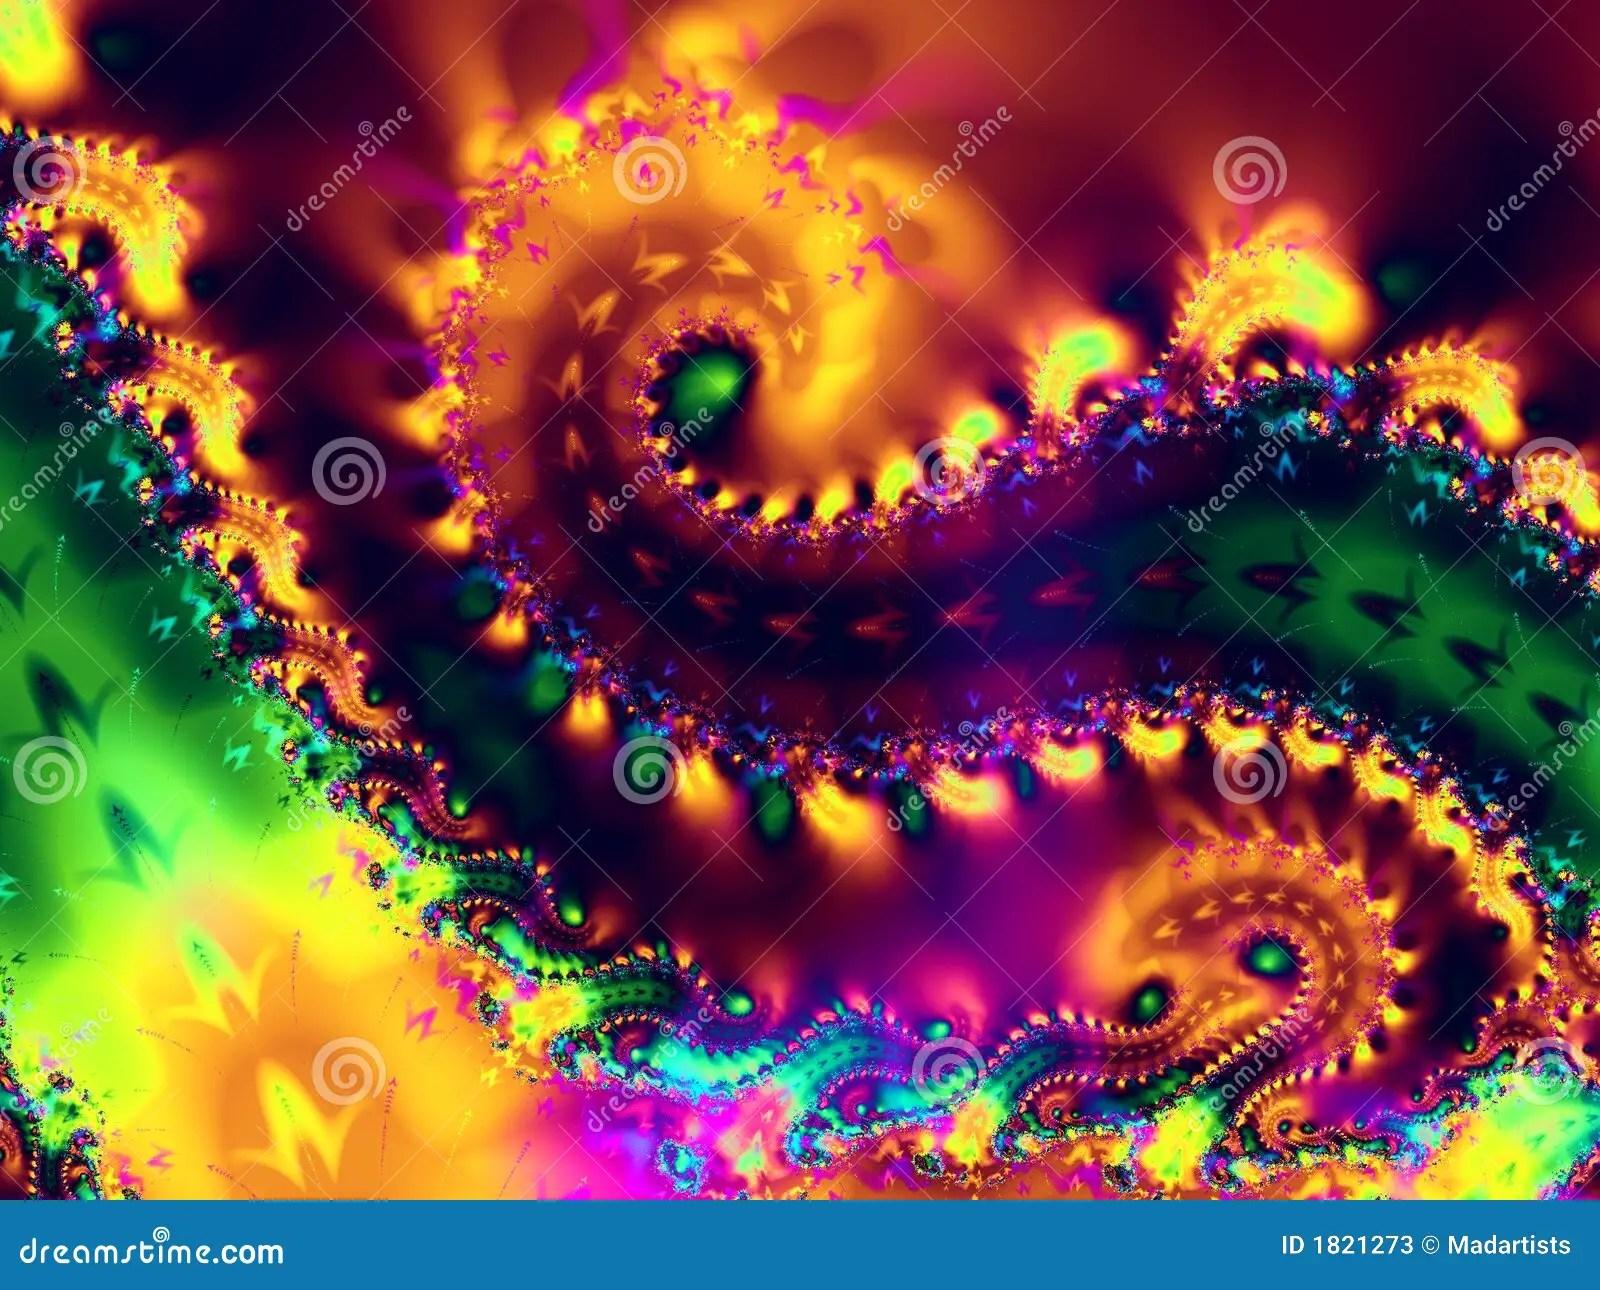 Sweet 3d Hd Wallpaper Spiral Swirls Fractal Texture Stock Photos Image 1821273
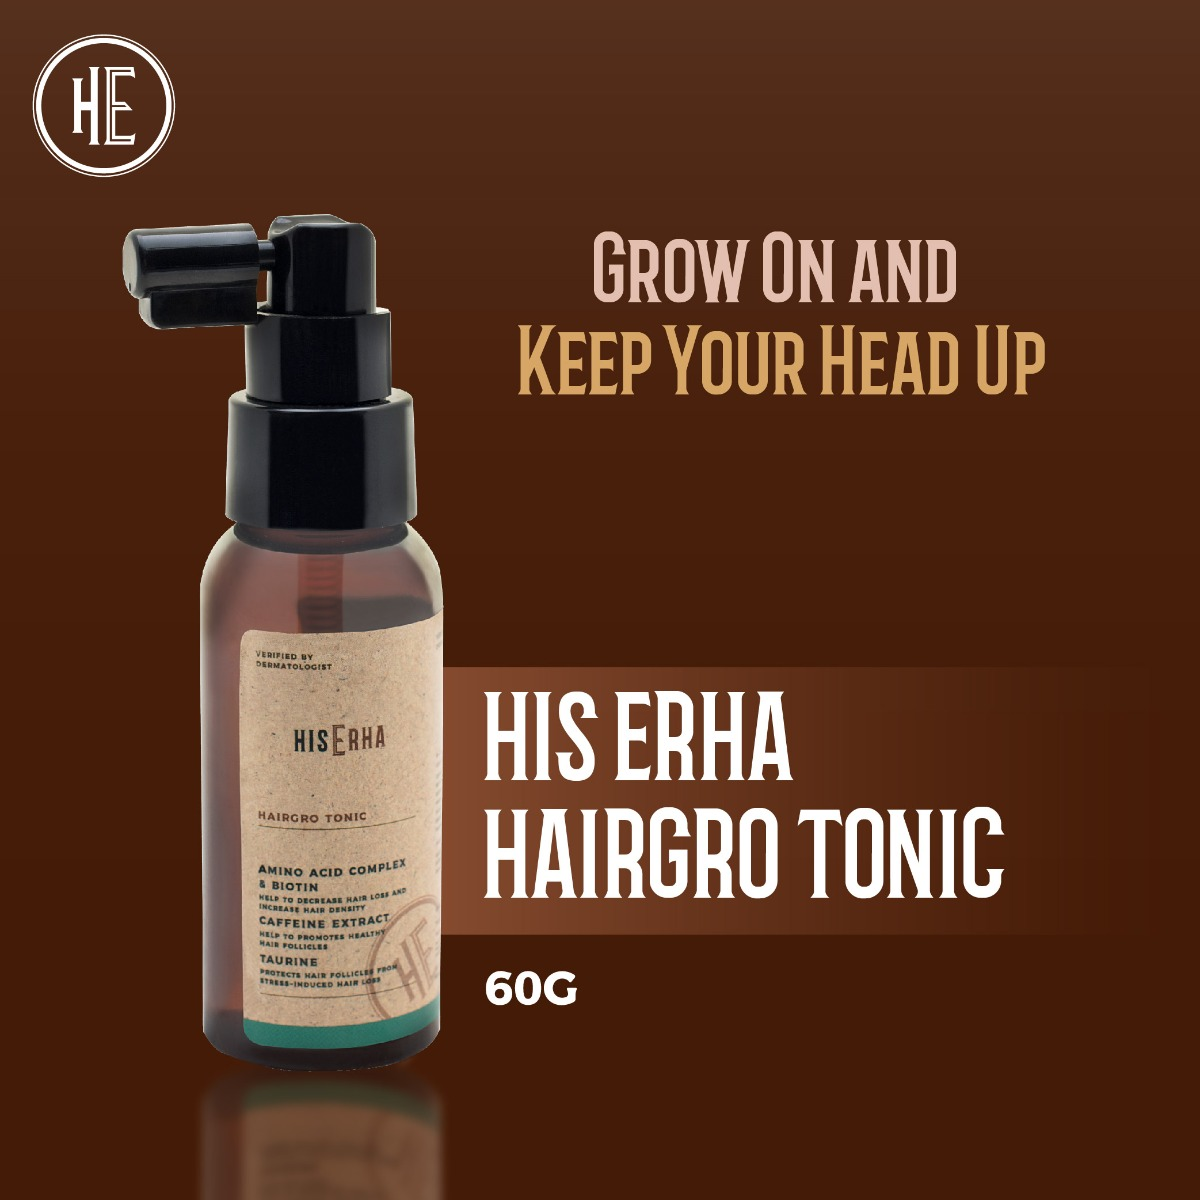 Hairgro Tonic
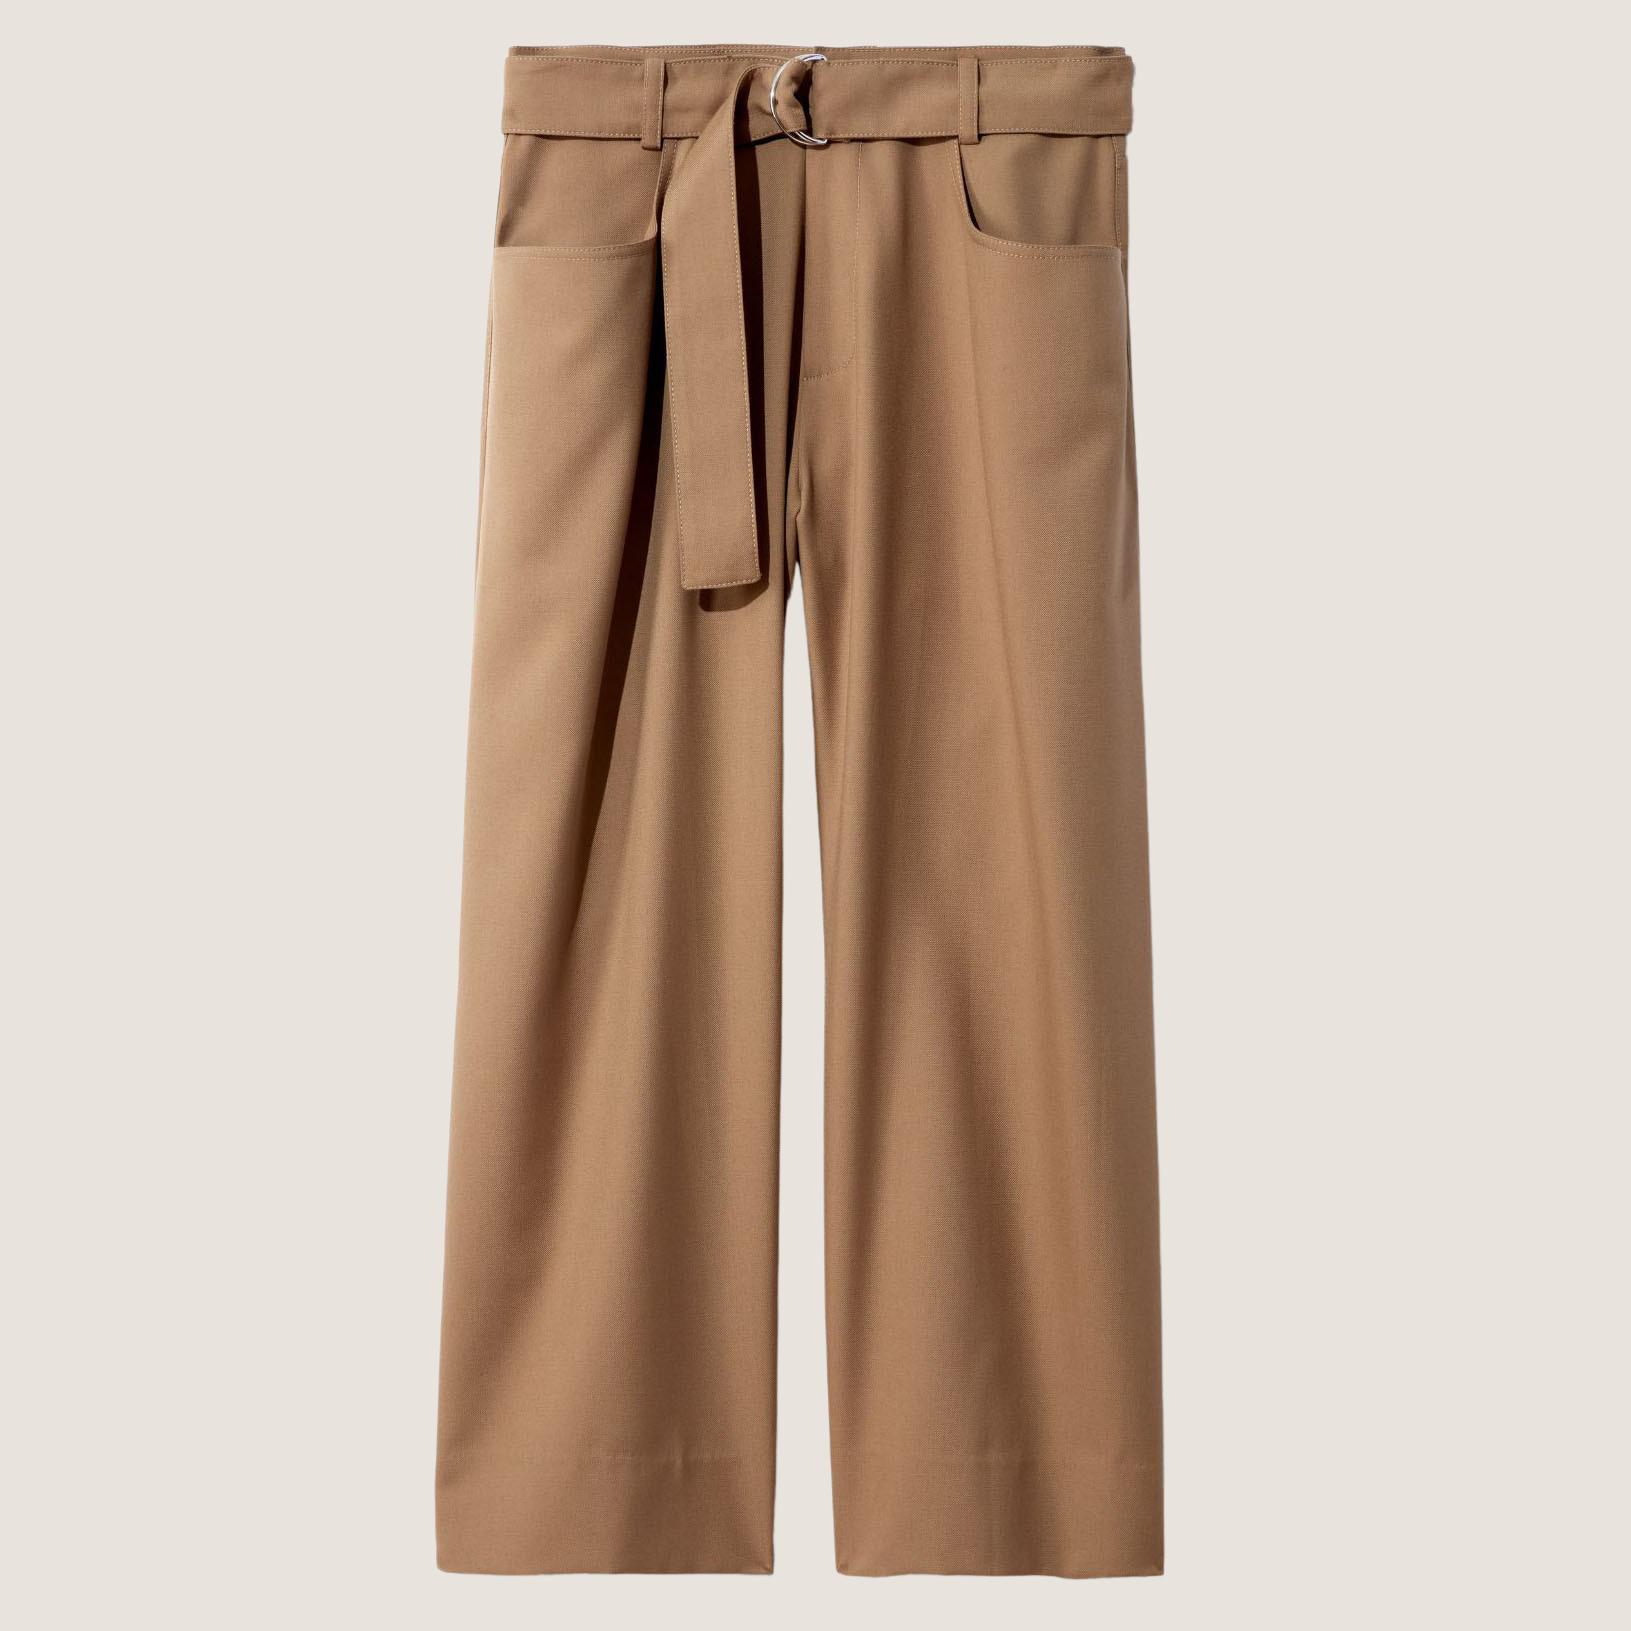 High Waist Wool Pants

■ WORK REQUEST
Copy the listing above in full and exactly, but omit each picture that it holds.

■ RESULT
 Sweet 3d Hd Wallpaper Spiral Swirls Fractal Texture Stock Photos Image 1821273
 Hairgro Tonic
 High Waist Wool Pants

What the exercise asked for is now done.